Parallelize individual tasks across workers.

The aim is to parallelize the execution of tasks across workers, under the assumption that there is a 1:1 mapping between them. This is most relevant when the overall computation has already been split up and assigned to workers outside of subpar. In such cases, parallelize_simple() is more suitable than parallelize_range() as it avoids the unnecessary overhead of partitioning the task interval.

The SUBPAR_USES_OPENMP_SIMPLE macro will be defined as 1 if and only if OpenMP was used in the default scheme. Users can define the SUBPAR_NO_OPENMP_SIMPLE macro to force parallelize_simple() to use <thread> even if OpenMP is available. This is occasionally useful when OpenMP cannot be used in some parts of the application, e.g., with POSIX forks.

Advanced users can substitute in their own parallelization scheme by defining SUBPAR_CUSTOM_PARALLELIZE_SIMPLE before including the subpar header. This should be a function-like macro that accepts the same arguments as parallelize_simple() or the name of a function that accepts the same arguments as parallelize_simple(). If defined, the custom scheme will be used instead of the default scheme whenever parallelize_simple() is called. Macro authors should note the expectations on run_task().
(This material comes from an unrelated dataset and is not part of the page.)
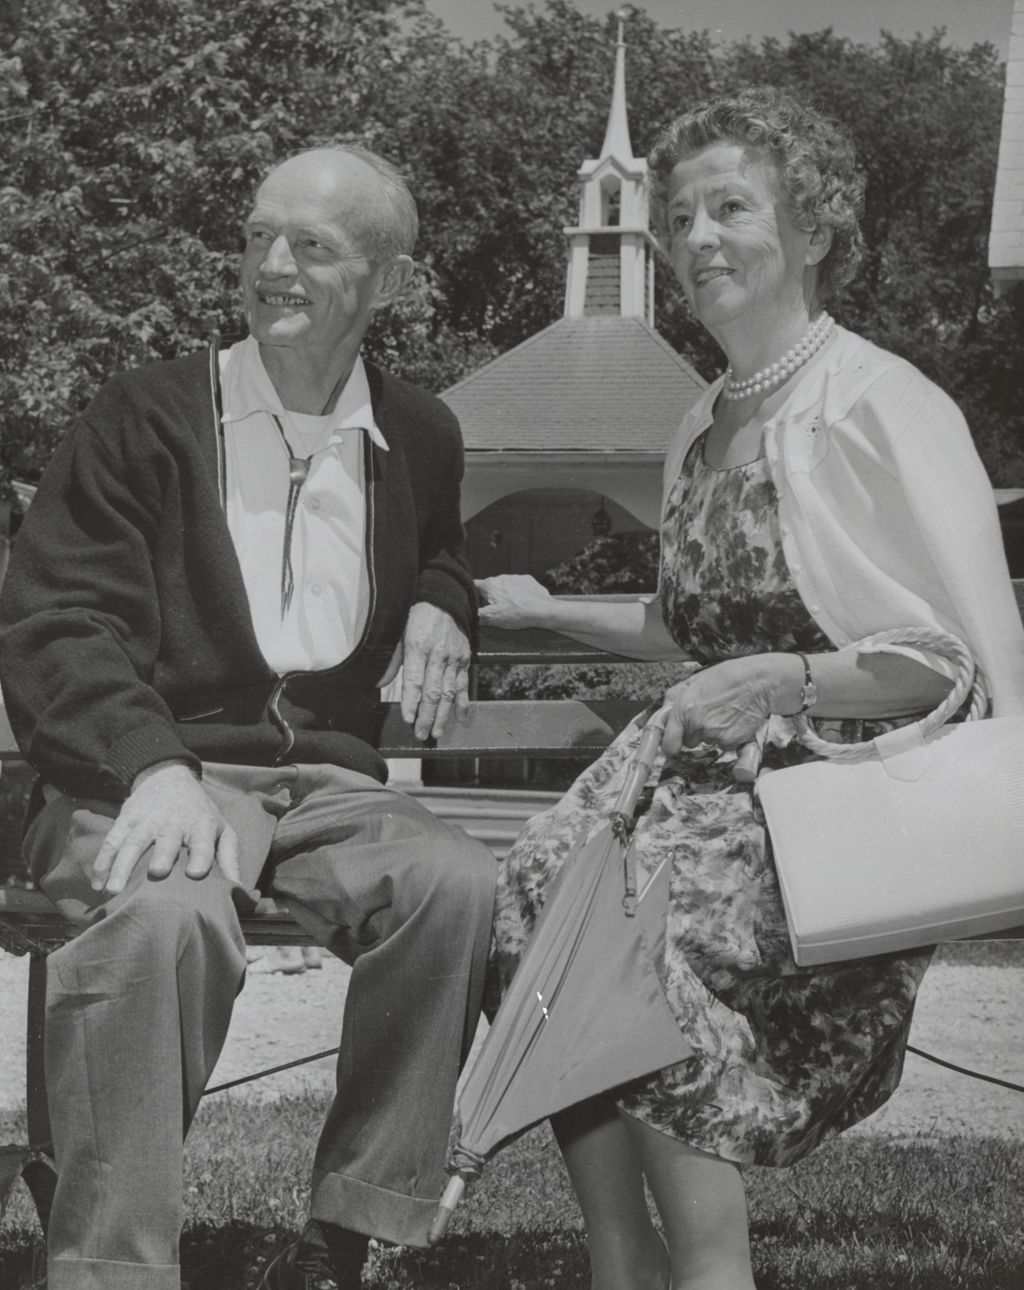 Robert Hicks, former co-director of Bowen Country Club, and Helen Bowen Blair sitting on a bench on the grass at Bowen Country Club 50th Anniversary celebration
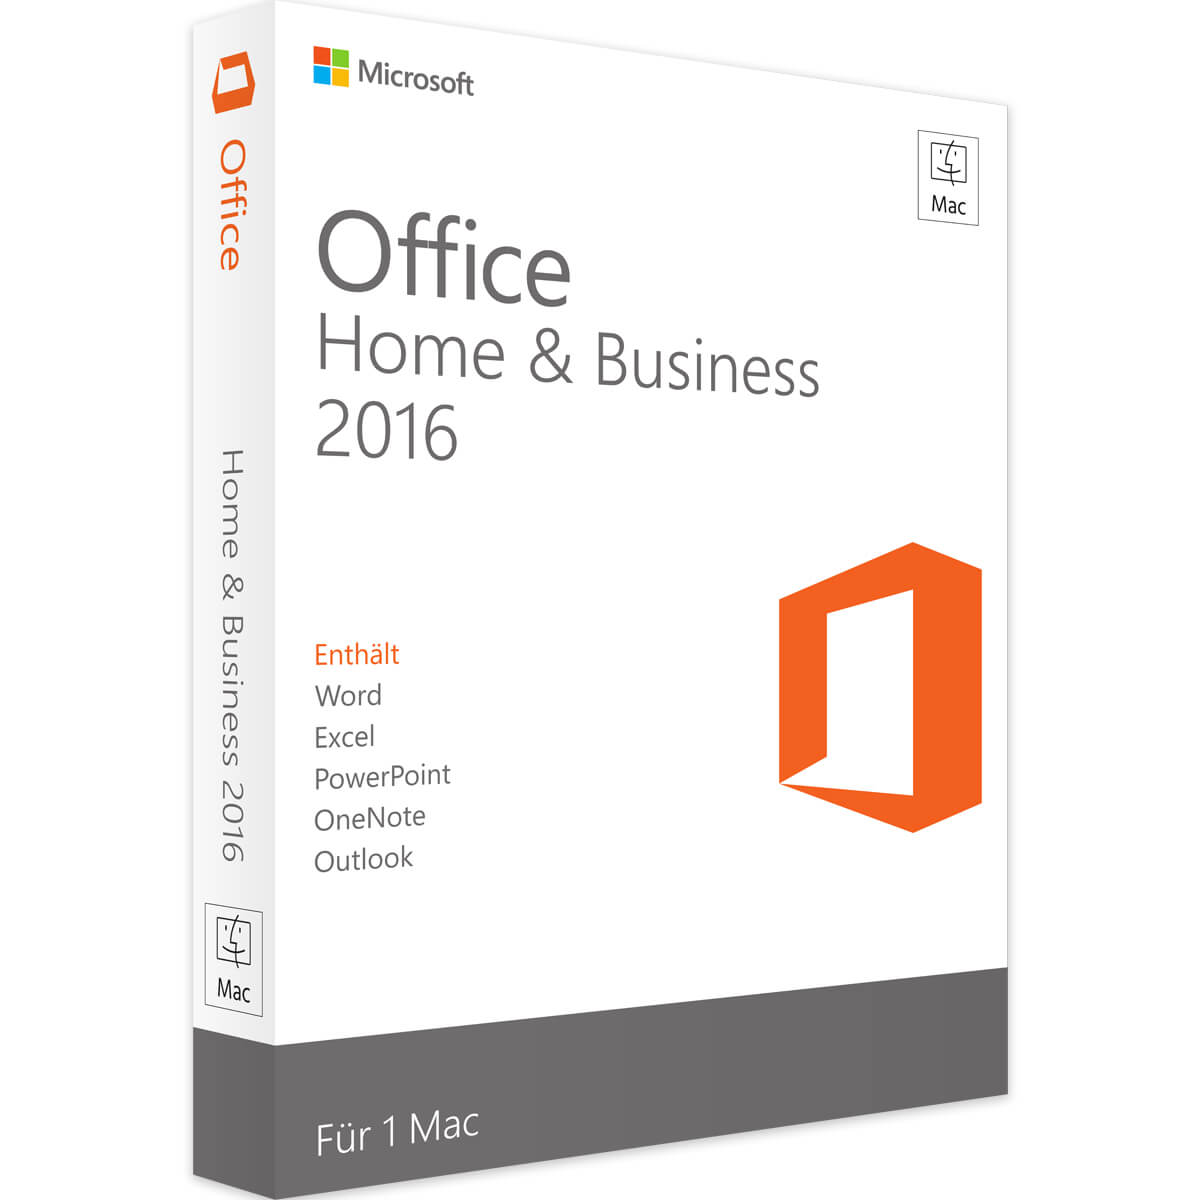 https://www.lizenzexpress.de/images/product_images/original_images/office-home-and-business-2016-mac.jpg

If nothrow_ = true, exception handling is omitted from the default parallelization scheme. This avoids some unnecessary work when the caller knows that run_task() will never throw. For custom schemes, if SUBPAR_CUSTOM_PARALLELIZE_SIMPLE_NOTHROW is defined, it will be used if nothrow_ = true; otherwise, SUBPAR_CUSTOM_PARALLELIZE_SIMPLE will continue to be used.

A worker ID of zero may or may not indicate that execution is being performed on the main thread. This relationship is true for the default <thread>-based implementation but may not be for OpenMP. (Note that the OpenMP thread number is not the same as the worker ID.) Custom overrides may also use a non-main thread to execute run_task_range() with w = 0.

Template Parameters
nothrow_Whether the Run_ function cannot throw an exception.
Task_Integer type for the number of tasks.
Run_Function that accepts w, the index of the task (and thus the worker ID) as a Task_. Any return value is ignored.
Parameters
num_tasksNumber of tasks. This is also the number of workers as we assume a 1:1 mapping between tasks and workers. It should be non-negative.
run_taskFunction to execute each task. This will be called exactly once in its corresponding worker, where w is guaranteed to be in [0, num_tasks). This function may throw an exception if nothrow_ = false.

◆ sanitize_num_workers()

template<typename Task_ >
int subpar::sanitize_num_workers ( const int num_workers,
const Task_ num_tasks )

Adjust the number of workers to the number of tasks in parallelize_range().

It is not strictly necessary to run sanitize_num_workers() prior to parallelize_range() as the latter will automatically behave correctly with all inputs. However, on occasion, applications need a better upper bound on the number of workers, e.g., to pre-allocate expensive per-worker data structures. This upper bound can be obtained by sanitize_num_workers() to refine the number of workers prior to calling parallelize_range().

Template Parameters
Task_Integer type for the number of tasks.
Parameters
num_workersNumber of workers. This may be negative or zero.
num_tasksNumber of tasks. This should be a non-negative integer.
Returns
A more suitable number of workers, possibly zero. The return value of sanitize_num_workers() will be an upper bound to the return value of parallelize_range() with the same num_workers and num_tasks.